I've also reviewed the original patch in HADOOP-7446 and confirmed that there
weren't any other similar bugs added.
Note that the erroneous asm is only hit if the HDFS blocksize is not a multiple
of the wordsize, which AFAICS can only happen for blocksize<7. And, the bug
lurked because the remainder codepath didn't have any tests, so thanks for
adding those.
Overall, LGTM. Fix the comment if you choose, else ship it.

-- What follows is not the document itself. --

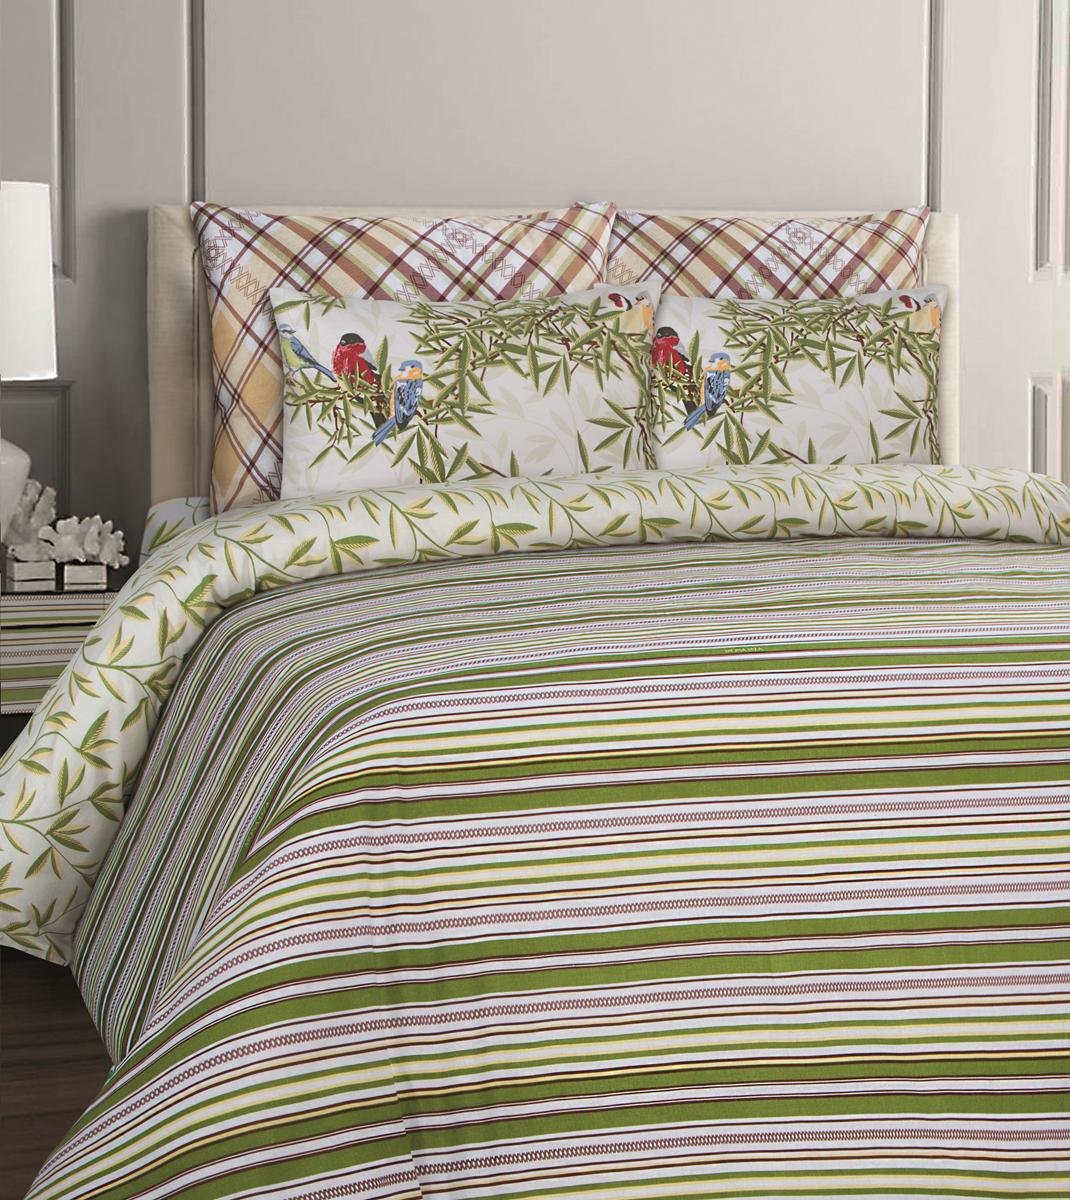 Комплект белья Mona Liza British Essex, 1,5-спальный, наволочки 50x70. 551116-77 комплекты белья

> libhadoop: native CRC32 validation crashes when io.bytes.per.checksum=1
> ------------------------------------------------------------------------
>
> Key: HADOOP-8648
> URL: https://issues.apache.org/jira/browse/HADOOP-8648
> Project: Hadoop Common
> Issue Type: Bug
> Affects Versions: 2.0.0-alpha
> Reporter: Colin Patrick McCabe
> Assignee: Colin Patrick McCabe
> Attachments: HADOOP-8648.001.patch, HADOOP-8648.002.patch,
> HADOOP-8648.003.patch
>
>
> The native CRC32 code, found in {{pipelined_crc32c}}, crashes when blocksize
> is set to 1.
> {code}
> 12:27:14,886 INFO NativeCodeLoader:50 - Loaded the native-hadoop library
> #
> # A fatal error has been detected by the Java Runtime Environment:
> #
> # SIGSEGV (0xb) at pc=0x00007fa00ee5a340, pid=24100, tid=140326058854144
> #
> # JRE version: 6.0_29-b11
> # Java VM: Java HotSpot(TM) 64-Bit Server VM (20.4-b02 mixed mode linux-amd64
> compressed oops)
> # Problematic frame:
> # C [libhadoop.so.1.0.0+0x8340] pipelined_crc32c+0xa0
> #
> # An error report file with more information is saved as:
> # /h/hs_err_pid24100.log
> #
> # If you would like to submit a bug report, please visit:
> # http://java.sun.com/webapps/bugreport/crash.jsp
> #
> Aborted
> {code}
> The Java CRC code works fine in this case.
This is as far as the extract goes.